-- Collected material follows --

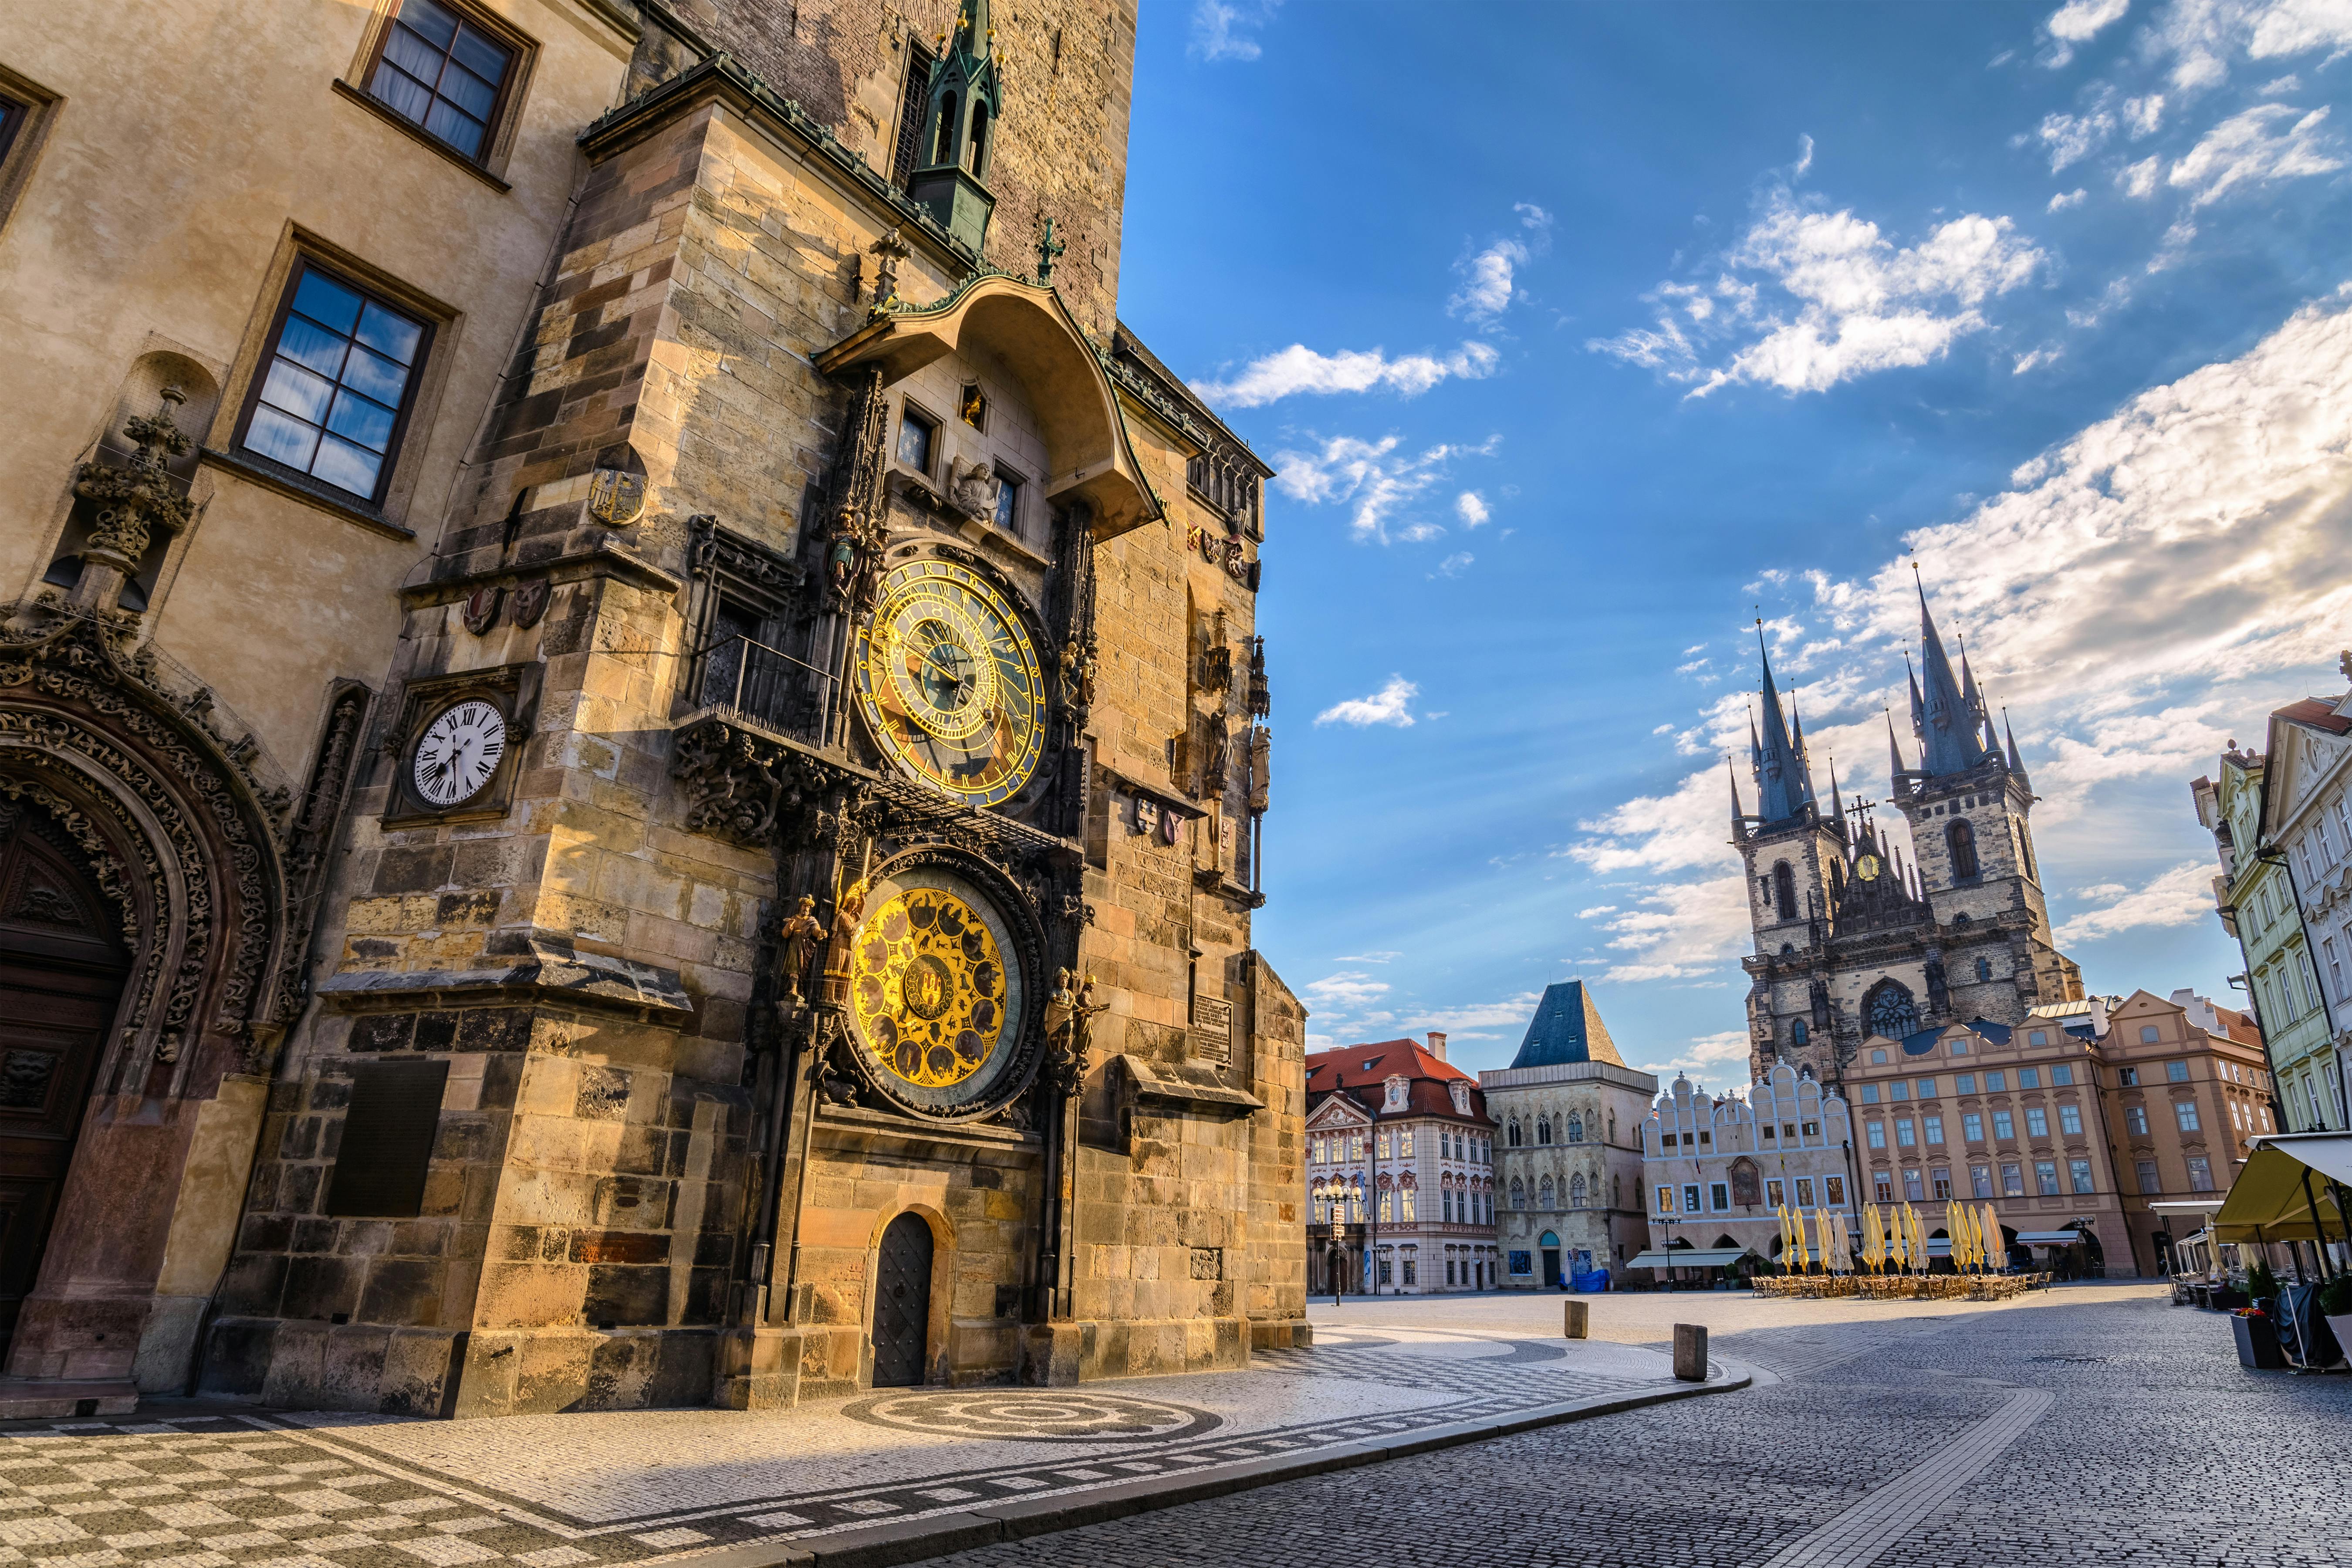 Prague Astronomical Clock Tower skip the line tickets Musement
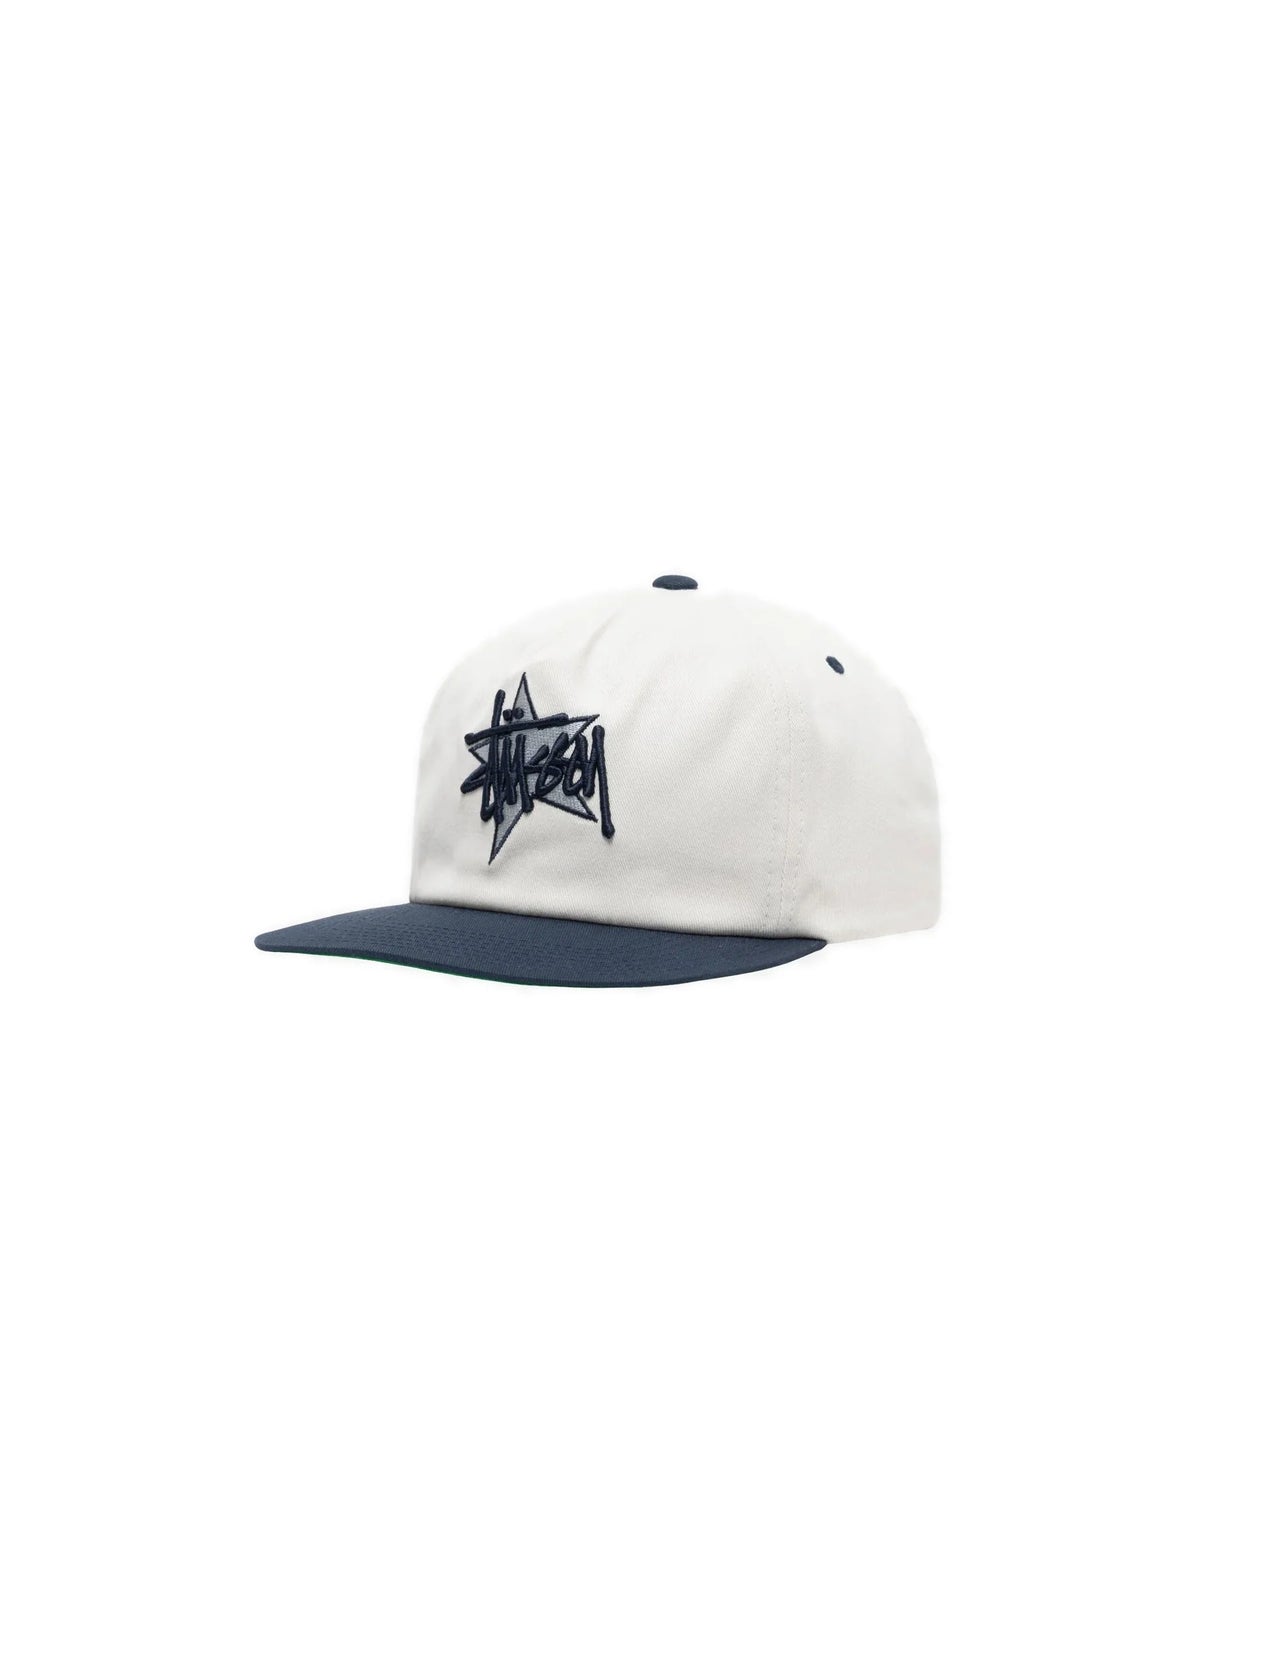 BASIC STAR STRAPBACK CAP WHITE
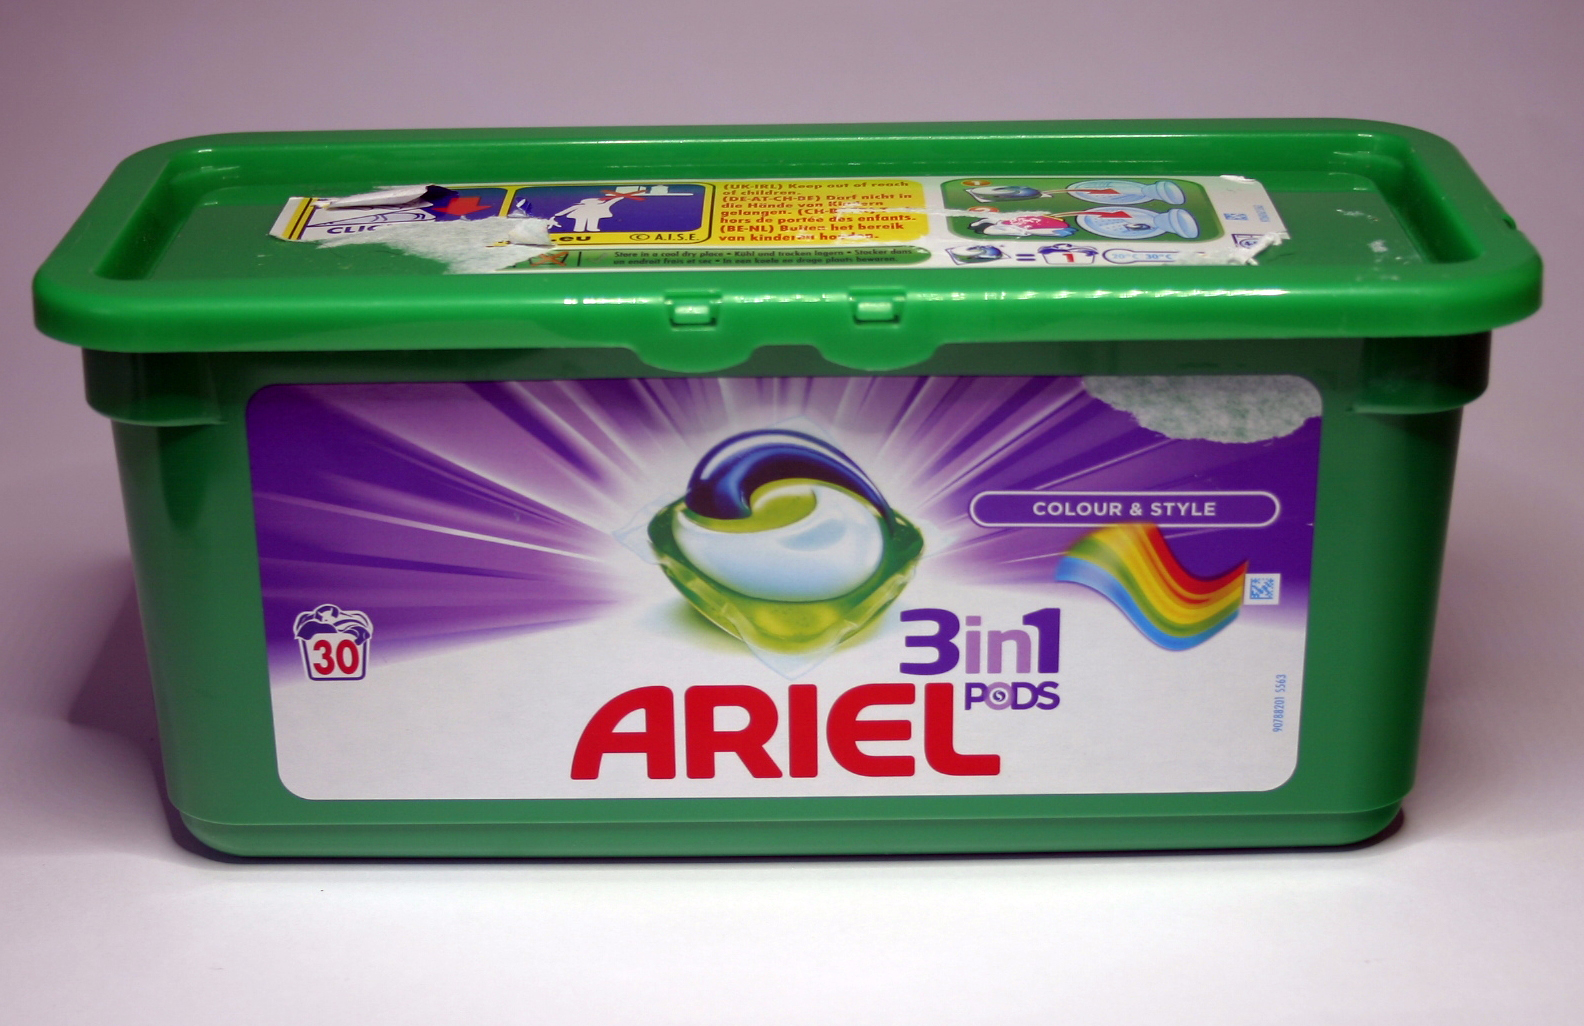 Ariel 3in1 Pod Box.jpg

-- Collected material concluded --

**What this task involves**
Please repeat every line from the listing above exactly as it appears. Drop the pictures.

**Task result**
 Prague Astronomical Clock Tower skip the line tickets Musement
 BASIC STAR STRAPBACK CAP WHITE
 Ariel 3in1 Pod Box.jpg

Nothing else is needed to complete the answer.